We just can't seem to escape exercise no matter how far we go.
Even if we travel to Mars, where U.S. scientists are planning a joint trip with the Soviets. Or to the moon, where scientists dream of orbiting space platforms and mining communities.
Yet, if the Lunar-Mars initiative--what these dreams are officially called--becomes reality, so will the problems of microgravity, a condition that has one-sixth the gravity of Earth. The last time a U.S. astronaut spent prolonged time in space travel, in the Skylab series in the '70s, he returned a little bit shorter because of bone loss in the heel bone. A fair amount of cardiovascular and muscle deterioration also occurred.
Scientists learned from Skylab, which orbited the earth for 84 days, and also from a one-year Soviet space mission, that astronauts have physical problems adjusting to microgravity and then readjusting to earth.
"It took about two or three weeks for our astronauts to physically come back to normal after Skylab, and reports are that it took a month or two for the Russians . . . and we don't know if the Russians regained their bone loss or not," said Dr. Bernard Harris of the Johnson Space Center in Houston.

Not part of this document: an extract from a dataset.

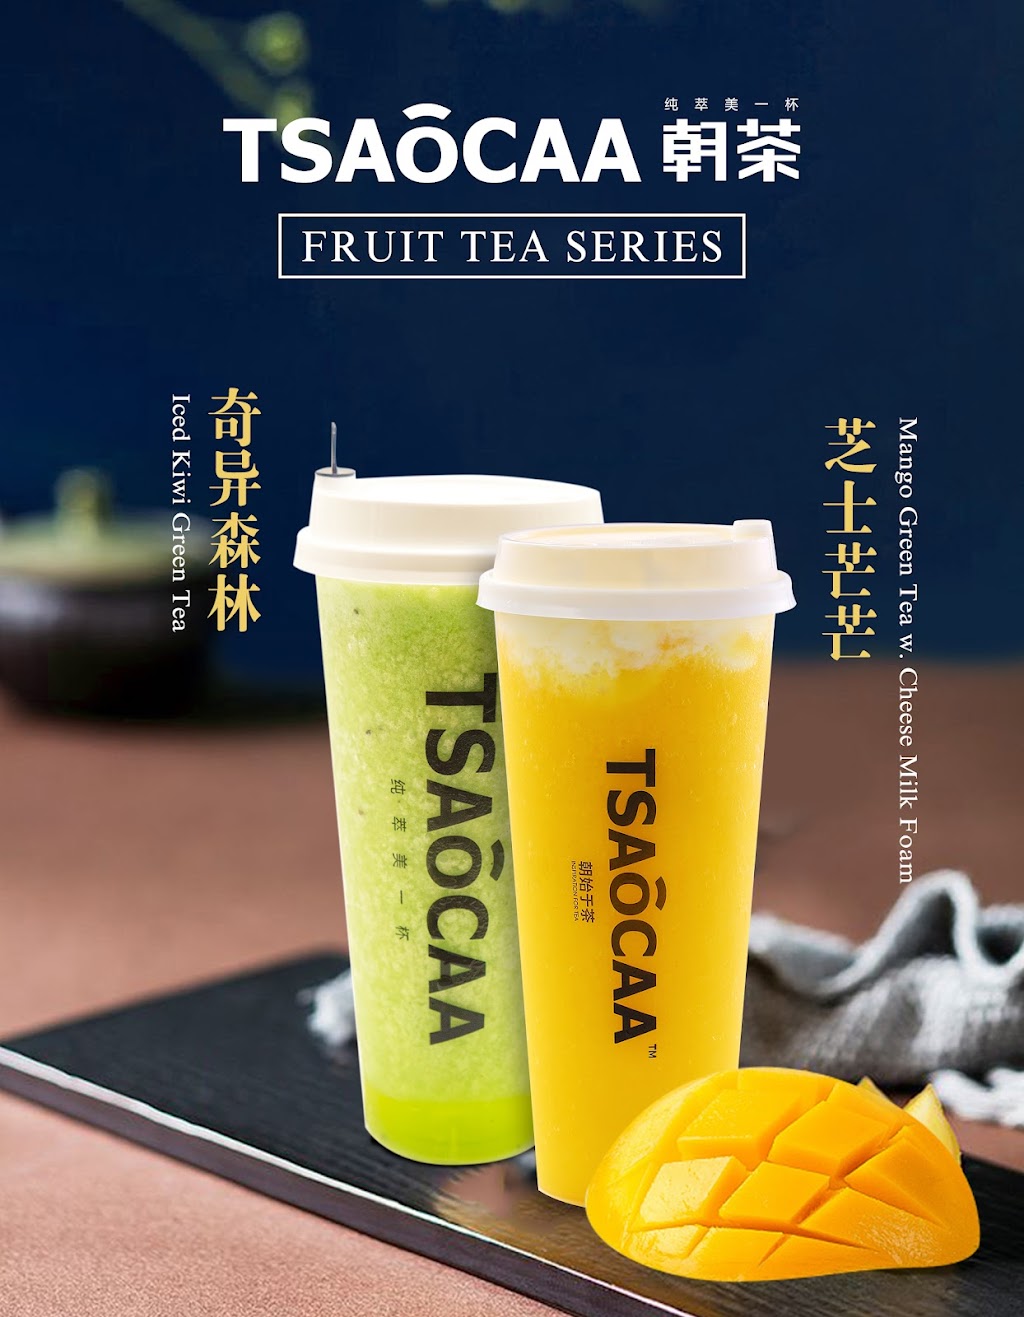 朝茶 Tsaocaa bubble tea store | 65-07 Fresh Pond Rd, Queens, NY 11385 | Phone: (347) 997-3377

Because bone is a living tissue, it will respond to the stress that is placed on it. In space there is little stress, so the bone actually decreases in size to make the skeleton lighter.
The problem, according to some researchers, is that after two or three years in space a human may not regain the same level of bone and bone density, which in turn could result in a loss of strength.

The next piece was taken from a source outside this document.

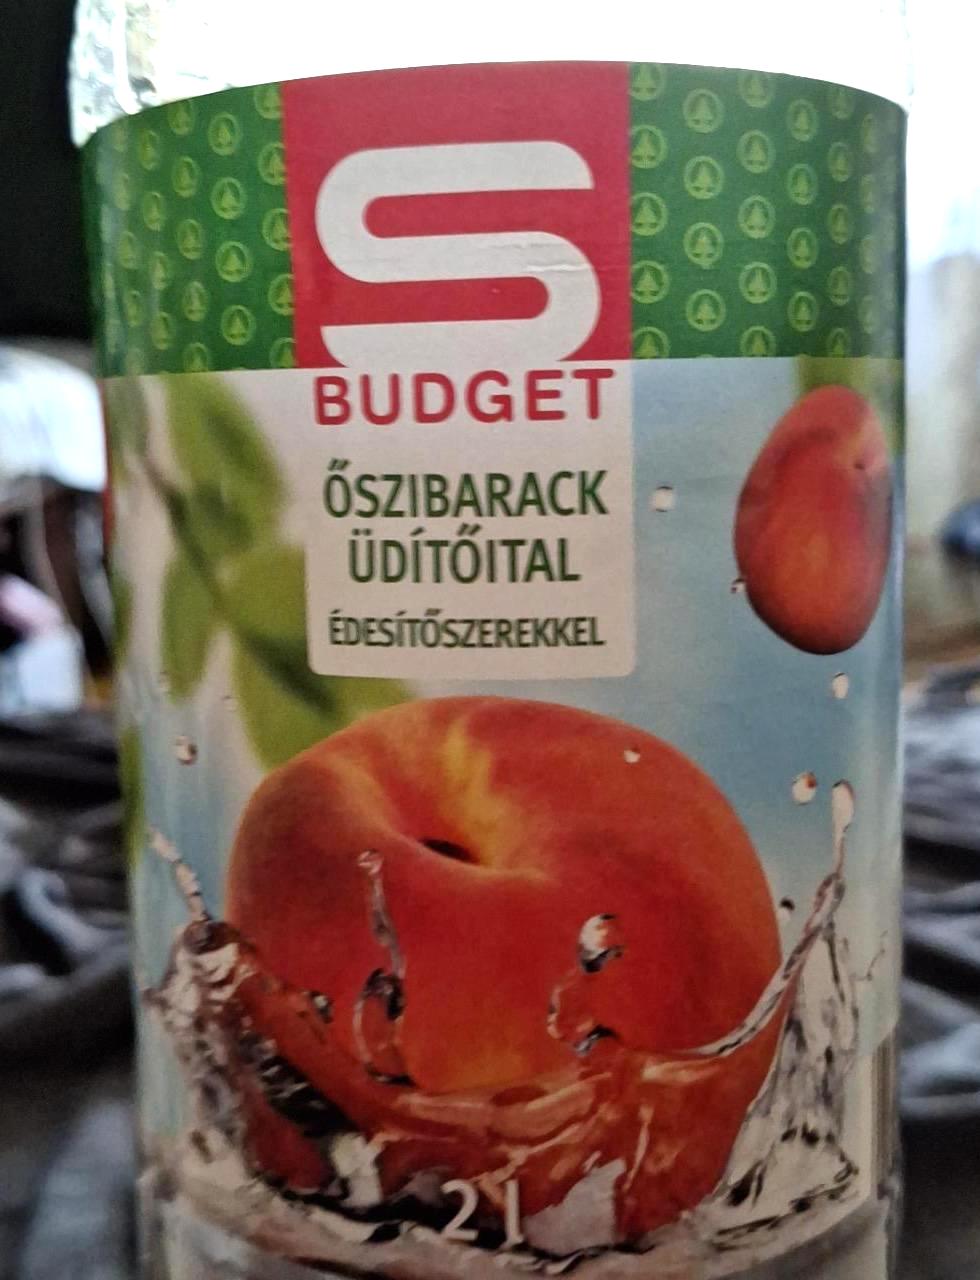 Képek - Őszibarack üdítőital édesítőszerekkel S Budget

The prescription to this dilemma--scientists believe--is exercise.
That's why Space Station Freedom, scheduled to launch in 1996, will include an exercise facility in the spaceship.

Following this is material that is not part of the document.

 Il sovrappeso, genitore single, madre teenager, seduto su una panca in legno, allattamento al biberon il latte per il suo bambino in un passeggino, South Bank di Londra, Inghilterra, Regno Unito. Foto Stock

The facility will include a treadmill, a bike rower used for cycling and rowing, and a weightlfiting machine called a tork. The tork has an electric motor to provide resistance, and different attachments to perform bicep curls, tricep extensions and leg and military presses.
Exercise in space results in other problems. Scientists are trying to make the exercise period short enough so that it does not impact the space mission.
"We have ongoing studies in simulated microgravity to see if we can cram an entire daily activity that a person would do, including the exercise, into a two-hour period, which would include the treadmill and bike rower, etc," Harris said.
To determine force, Harris doubles a person's body weight and then multiplies that figure by the number of steps the person takes during a day. A program is then prescribed on the treadmill, adjusting speed, grade and steps to equal the required amount of force expenditure.
"We put the subject in bed and get him up for any period of time you are going to cram this into," Harris said. "Actually, some health spas are taking this concept and coming up with 30 minute workouts. The body experiences the total load and force that you would have if you worked out for two hours at a lower intensity."
Exercise in space will have a different twist and produce different results. In running, for example, elastic cords, which may be the business of the future, will be used to keep a runner on the ground. Because there is little gravity, there will be no force generated from the weight of the runner's foot hitting the ground. The major force expended will be from the resistance of the runner moving against the elastic cords.
In weightlifting, force must be produced because nothing weighs anything in space.
"So if you lift five pounds down here with your biceps, you are lifting against gravity and are also holding your arm up against gravity," Harris said.
"If you take the same body and put it into microgravity, it's not lifting anything but pulling against the weight itself. So the characteristics of weightlifting will be different."
The alternative to trying to exercise in microgravity is to produce artificial gravity in space. At the NASA Ames Research Center at Moffett Field, Calif., researchers are studying the creation of artificial gravity through centrifugation--rotating the spacecraft, which is connecting to a rotating device, by a long chain. One of the Gemini missions experimented with the concept and it was deemed it feasible.
Dr. Rob Whalen, a research scientist at Ames, says scientists are also studying the relationship between exercising at a higher gravity level, even higher than the 1G on earth, for a shorter period of time. They also are studying the use of simulating the earth's gravity for intermittent exposure to astronauts in space travel.
"Right now in our technology we don't have the means to produce artificial gravity effectively, but we know that is probably the answer to space travel and life in space," Harris said.
In that case, exercise, as well as sports, could be performed in space in much the same as on earth. But it may not be as much fun.
"I was asked a couple of years ago if we could play football on the moon, " Harris said. "I said yes, but since the moon's gravity is one sixth that of the earth's, we would have to have a field about six times as large, because you could throw the ball farther. Each step you take would be a longer one. There are things unique to the moon that would make sports very interesting."
Harris also thinks the environment of space will create its own sports, whether a variance of sports as we know them on or new sports.
"Jumping may be a possibility," he said, laughing.